Efficiency of the Quantum Adiabatic Algorithm Allan Peter Young, University of California-Santa Cruz, DMR We have investigated whether the quantum adiabatic algorithm (QAA), proposed for use on a quantum computer, could solve optimization problems efficiently. The bottlenecks are points where the gap to the first excited state is small. We investigated the median minimum gap ΔE min (averaging over about 50 samples) for the the determination of the ground state of a spin glass model by Monte Carlo (MC) simulations. Only for large sizes N (for which the MC is essential) could we see that the minimum gap decreases exponentially with N. See the main figure, which shows the median minimum gap on a log-lin scale, and fits a straight line for large sizes N. It is to be compared with the inset which is log-log so would be a straight line for a power-law gap, but this is clearly wrong for the largest size. This implies that the QAA would not be efficient for this model. We also find that there are large fluctuations between different samples for large N which implies that, for N→∞, the median minimum gap may fall off more quickly than shown in the figure. This work is in collaboration with E. Farhi (who proposed the QAA in 2001), P. Shor (whose quantum algorithm for factoring integers is famous) and others. It has just been submitted: arXiv We received computing support from Google.
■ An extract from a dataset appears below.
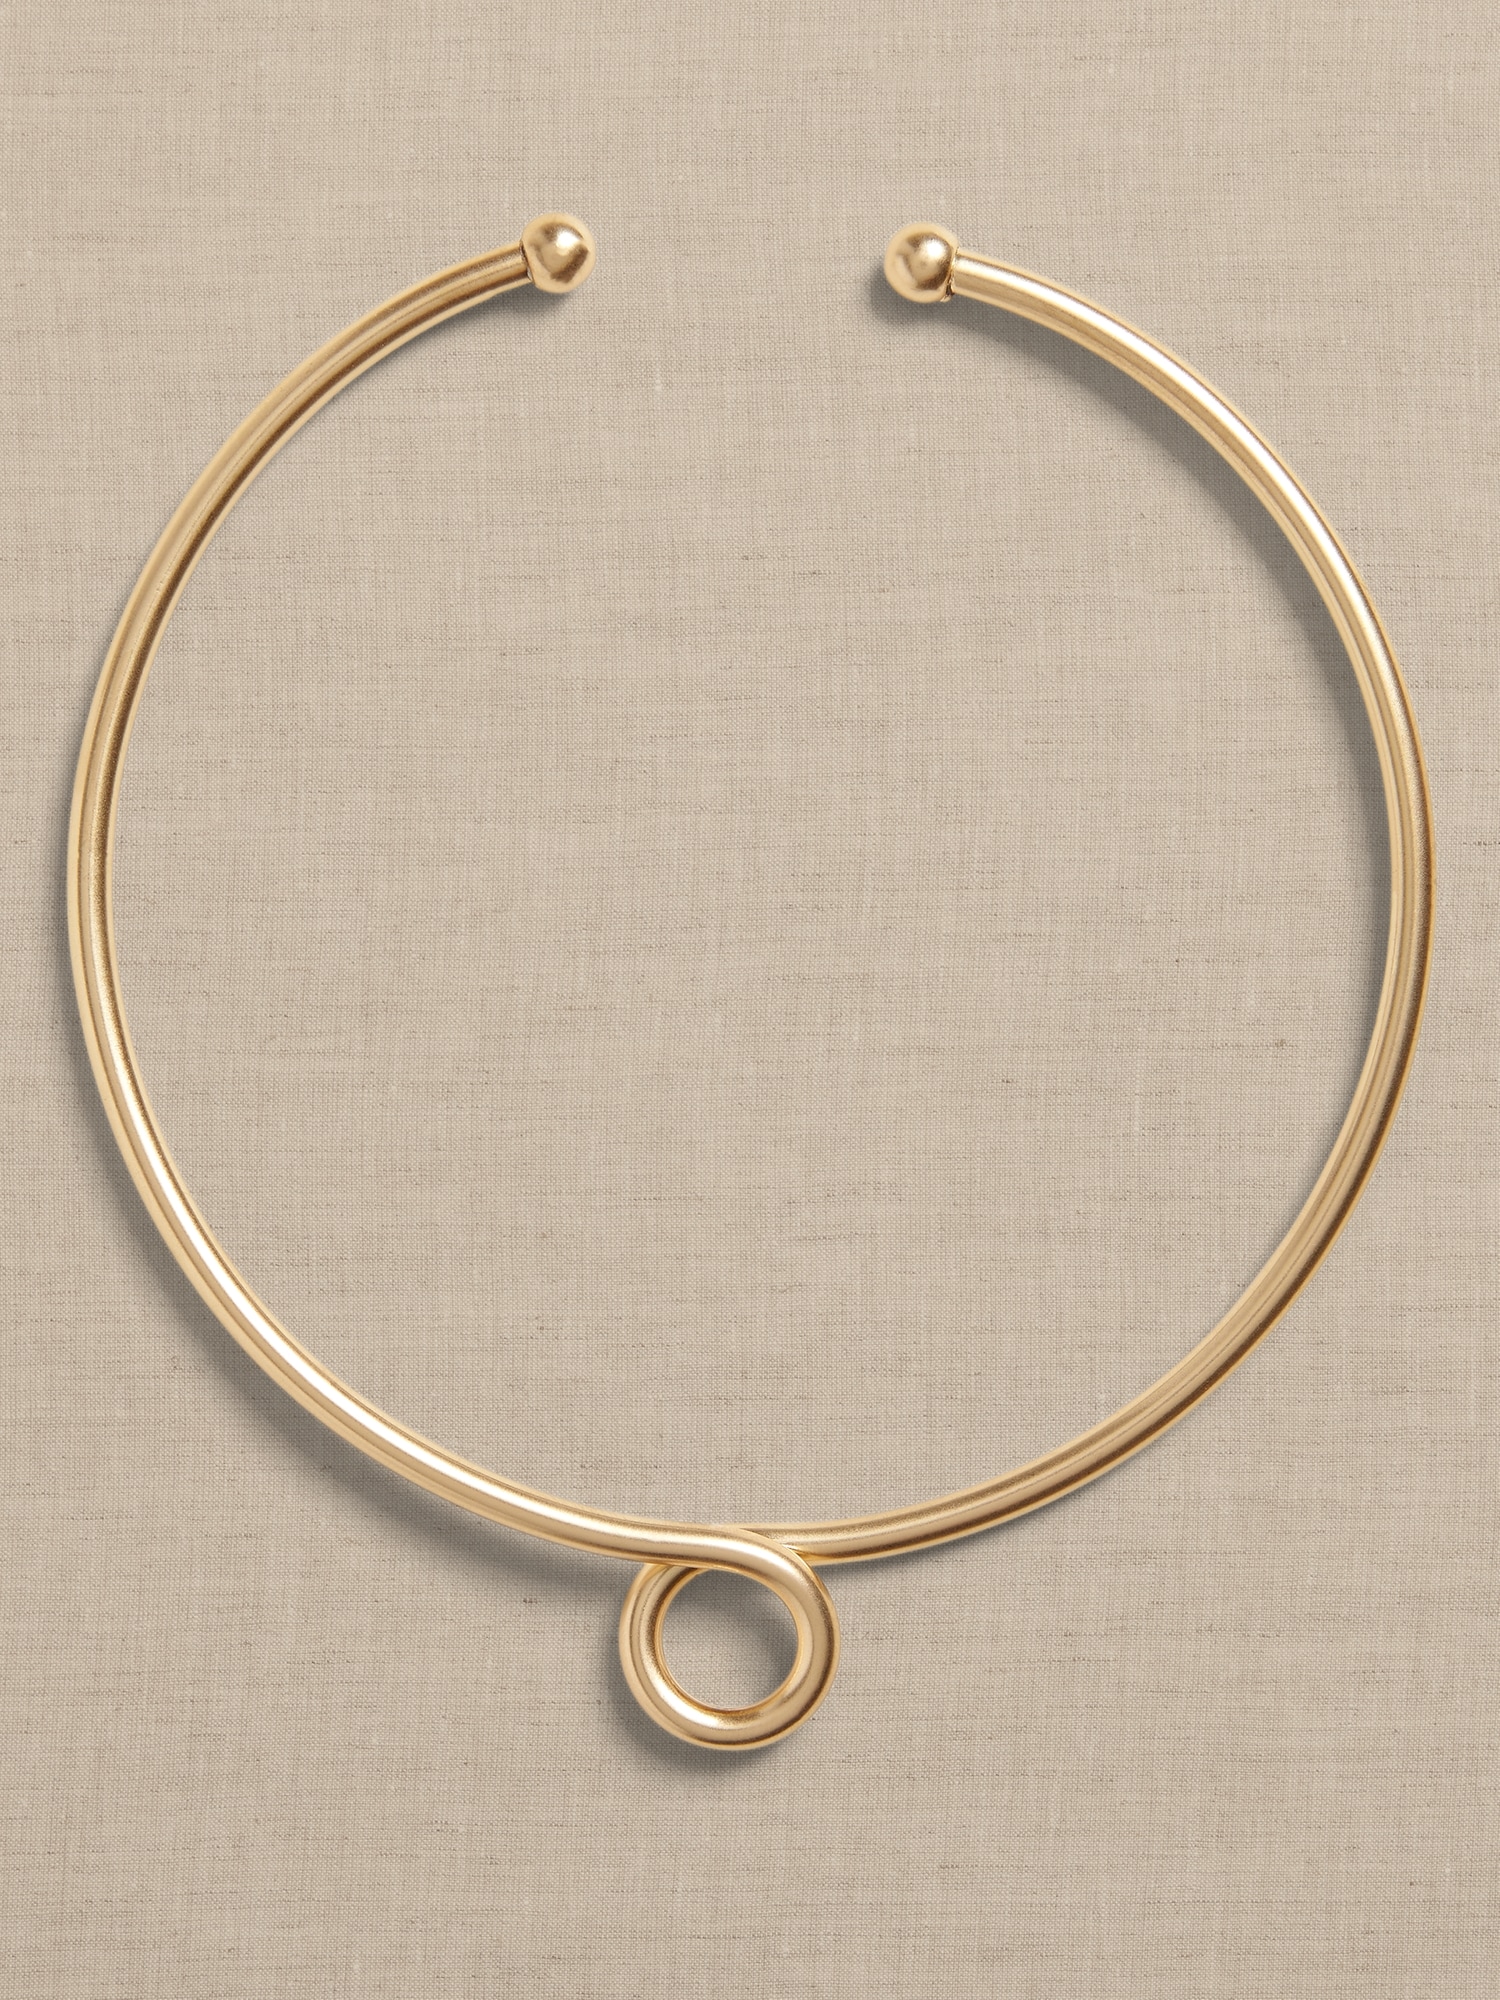 Metal Centered Twisted Circle Collar Necklace

Efficiency of the Quantum Adiabatic Algorithm Allan Peter Young, University of California-Santa Cruz, DMR A physics-inspired algorithm for optimization problems is called the Quantum Adiabatic Algorithm. To investigate whether this algorithm is would be efficient on a quantum computer for problems of large size, we have applied a method from statistical physics called Monte Carlo simulations. Recently we applied this to a problem of interest in physics, finding the ground state of a “spin glass”. Looking at small and intermediate sizes, it appears that the quantum algorithm would work very well, but studies of large sizes indicate that, in fact, it would not be more efficient than a classical algorithm. The physics technique of Monte Carlo simulations was essential to get this, unfortunately negative, result. It is known that an eventual quantum computer could solve certain specialized problems more efficiently than a classical computer. However there are great experimental difficulties in building a quantum computer which is large enough to be useful. It would an provide additional impetus for experimentalists to overcome these challenges if, in addition, quantum computers could solve a broad range of problems more efficiently than a classical computer. We have investigated whether a quantum computer could efficiently solve optimization problems, which involve finding the maximum (or minimum) of a function of many variables and are of interest in a wide range of fields in science and engineering, including physics, biology, computer science, image recognition etc. This work applies physics ideas and methods to solve a problem in a related field (quantum computing).